I've thought the same thing, especially while watching YouTube just as you. However, after moving stuff around, destroying things I didn't really need or like on the island, organizing villager houses, etc., I can definitely see how my island is around the same size as everyone else's.

In my opinion, the biggest trick is to take advantage of the smaller spaces. nooks and crannys, if you will...  Giving every corner of space a meaning, a story, etc. will make the island look much bigger than it really is. Areas do not have to be big, yet lacking of decoration, to be impressive. I used to have a large park that was honestly _way _too big and had a lot of empty space. I cut its size down to 1/4th of its original size and was still able to decorate it nicely. With the extra space, I was able to make a lovely resting area that was its own little "island" using the magic of terraforming. It's one of the more popular spots of my islands when visitors come and see it, and definitely my proudest part of the island. 

Don't be afraid to knock down cliffs, turn rivers into ponds, or make that big cafe into something a bit smaller.
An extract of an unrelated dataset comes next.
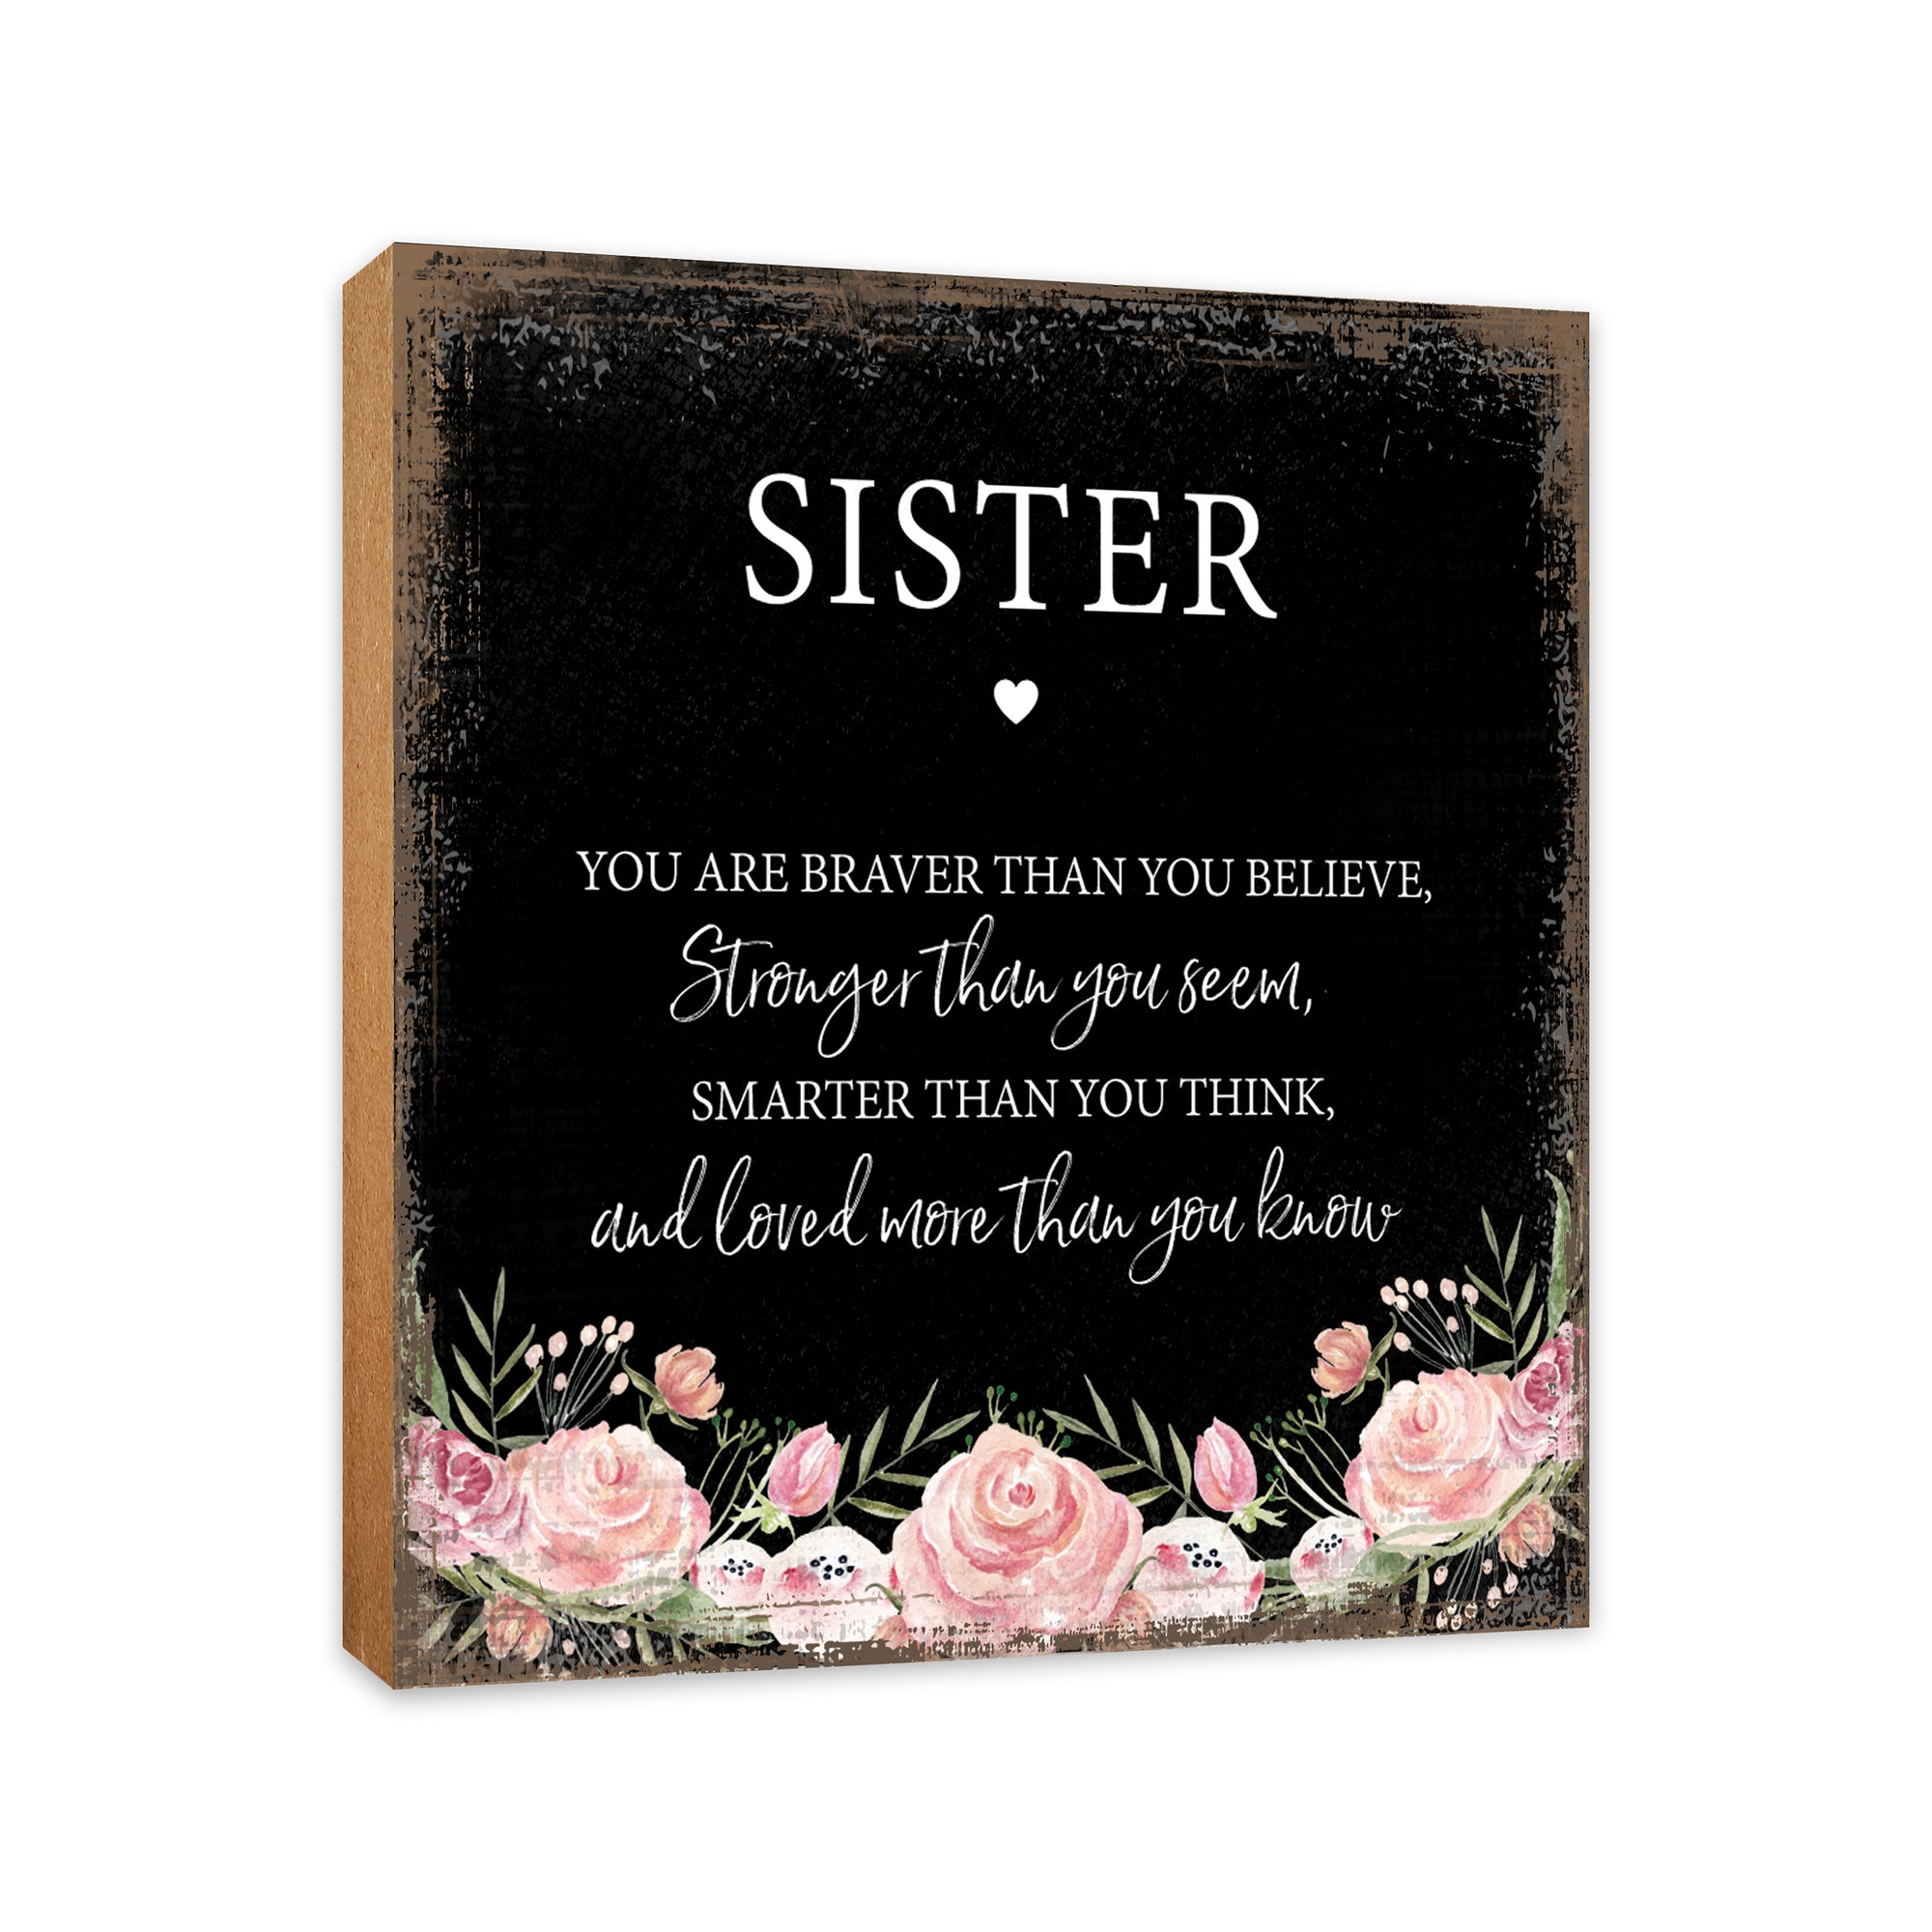 Sister, You Are Braver Floral 6x6 Inches Wood Family Art Sign Tabletop and Shelving For Home Décor

You can do a lot of things with the space you have... you just have to play your cards right.


----------



## Underneath The Stars (May 6, 2020)

i have some tips regarding this because i felt this too. i noticed this while watching some island tours and thinking how are their islands so huge? SO many areas! i mean obviously because you're more used to your island too and it's your first time seeing theirs, but let's talk deeper than the first impression or appearance.

it's basically because they make use of *each & every space*. they make these little sections and plan to make use of every block as useful as possible. of course i'm not assuming that we're just placing some random stuff on ours, but let's say you have the plaza walk way so that's 2 blocks of paths... then next to it are flowers, fences & then trees as well probably. that's a lot of area already, fences count as 1 block not counting whatever decors or items you'll put next to it. some islands that give illusion that theirs have so many areas is because they cramp stuff, and that doesn't necessarily mean it will make it look small or crowded, but it means they'll have more space to make more island sections. i noticed some even have 1 block walk area for other sections (i wouldn't do this though). in the end, i ended up getting rid of huge orchards and minimizing them.

	Post automatically merged: May 6, 2020



BambieTheMayor said:


> I've thought the same thing, especially while watching YouTube just as you. However, after moving stuff around, destroying things I didn't really need or like on the island, organizing villager houses, etc., I can definitely see how my island is around the same size as everyone else's.
> 
> In my opinion, the biggest trick is to take advantage of the smaller spaces. nooks and crannys, if you will...  Giving every corner of space a meaning, a story, etc. will make the island look much bigger than it really is. Areas do not have to be big, yet lacking of decoration, to be impressive. I used to have a large park that was honestly _way _too big and had a lot of empty space. I cut its size down to 1/4th of its original size and was still able to decorate it nicely. With the extra space, I was able to make a lovely resting area that was its own little "island" using the magic of terraforming. It's one of the more popular spots of my islands when visitors come and see it, and definitely my proudest part of the island.
> 
> Don't be afraid to knock down cliffs, turn rivers into ponds, or make that big cafe into something a bit smaller. You can do a lot of things with the space you have... you just have to play your cards right.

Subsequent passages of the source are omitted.